§ **WHAT YOU HAVE TO DO**: Among the entries below, retype exactly the lines starting with the one with "Parkweg Skulptur Schlosspark Black & White" and going on through the one with "Foto galleria spiagge", but not the pictures.

§ **DATA UNDER STUDY**:
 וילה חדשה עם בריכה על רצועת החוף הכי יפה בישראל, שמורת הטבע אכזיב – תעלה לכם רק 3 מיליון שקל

--

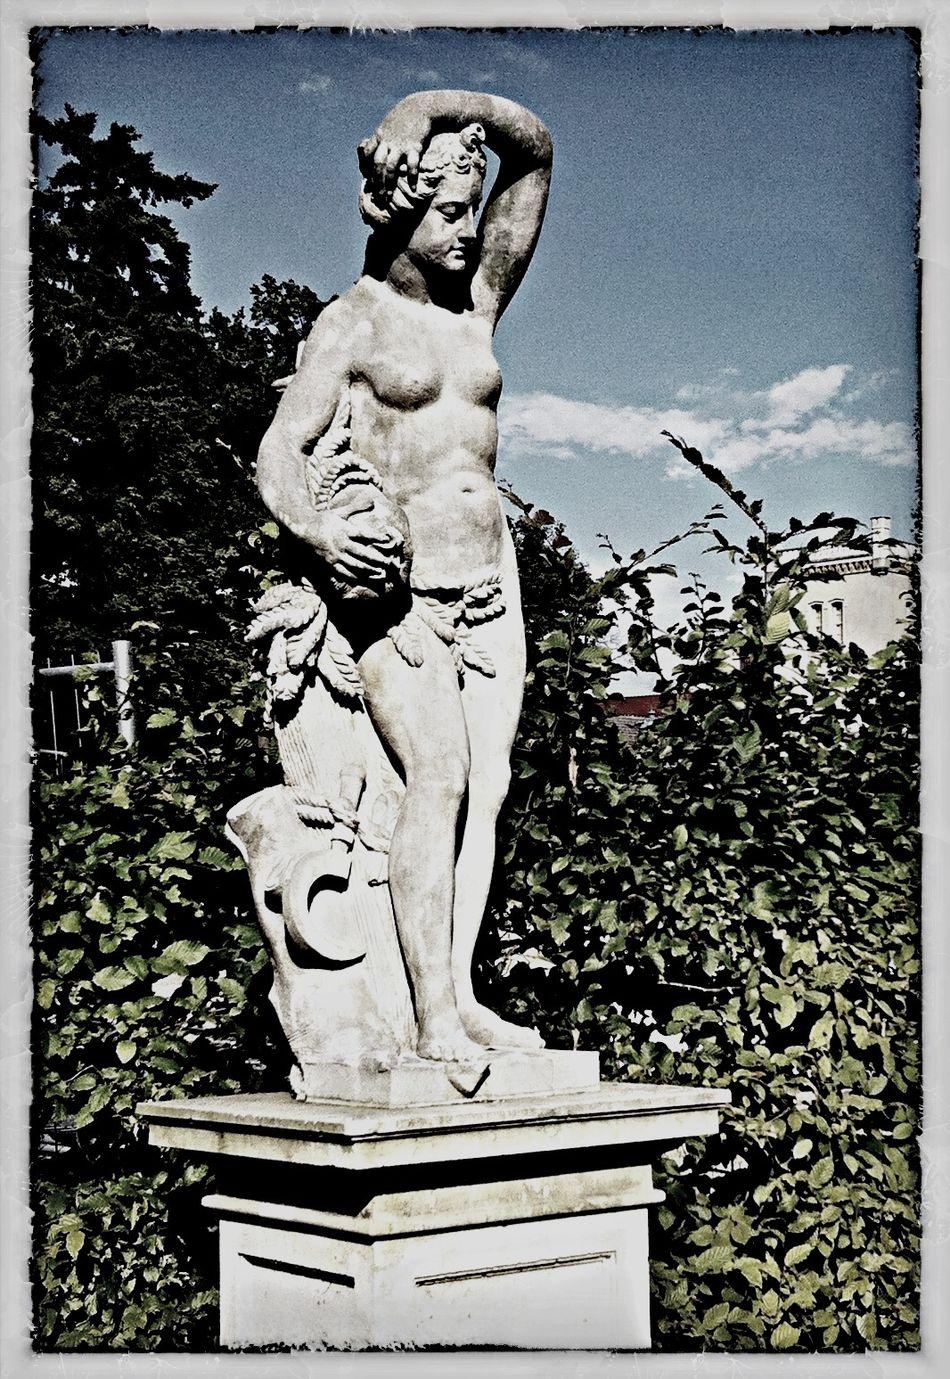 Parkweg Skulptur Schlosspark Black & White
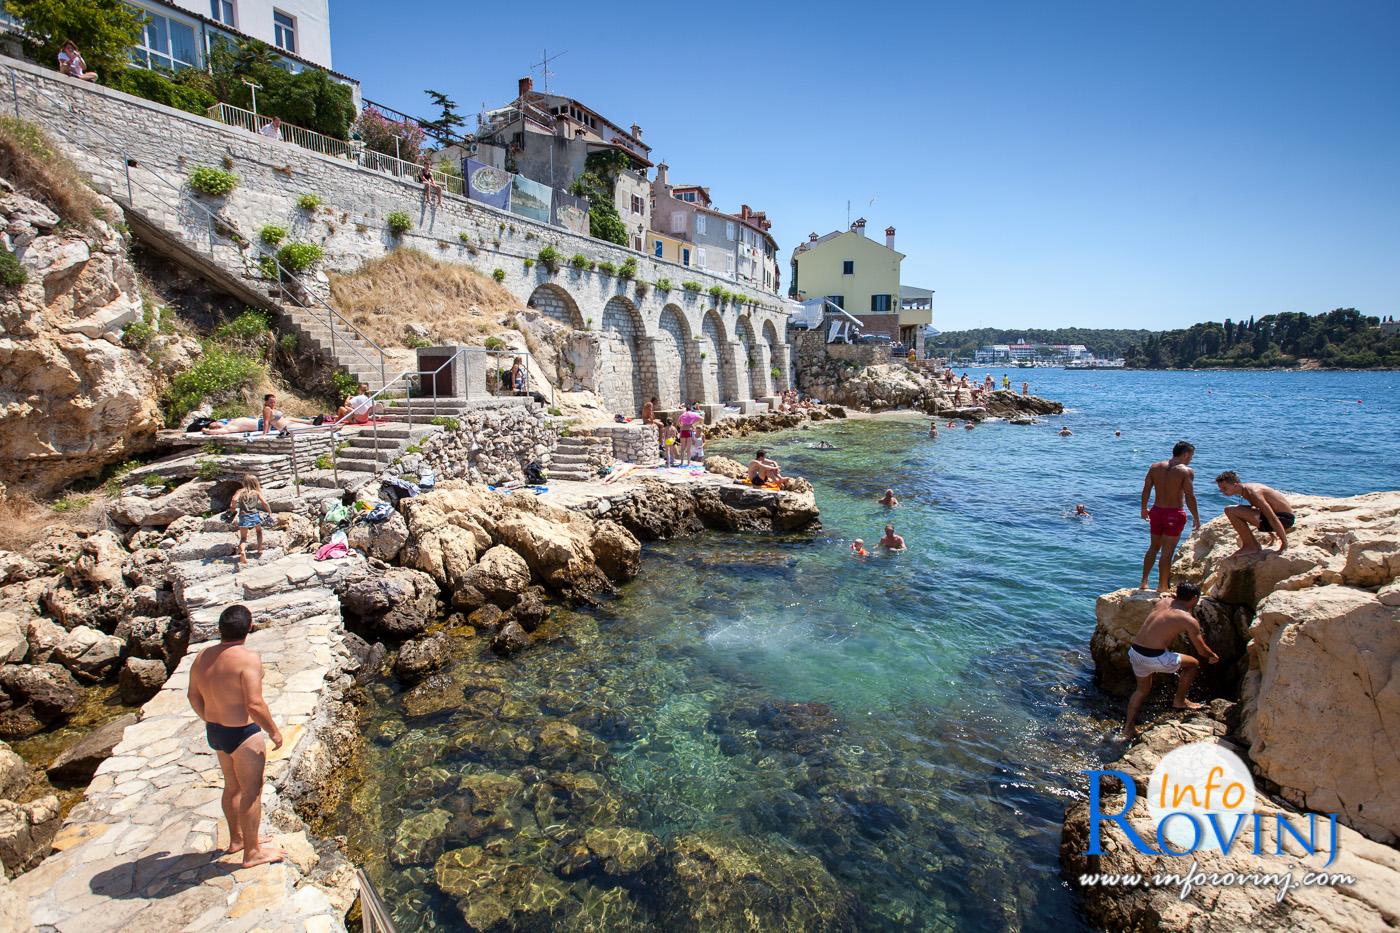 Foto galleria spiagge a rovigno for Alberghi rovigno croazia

§ **SOLUTION BELOW**:
 Parkweg Skulptur Schlosspark Black & White
 Foto galleria spiagge a rovigno for Alberghi rovigno croazia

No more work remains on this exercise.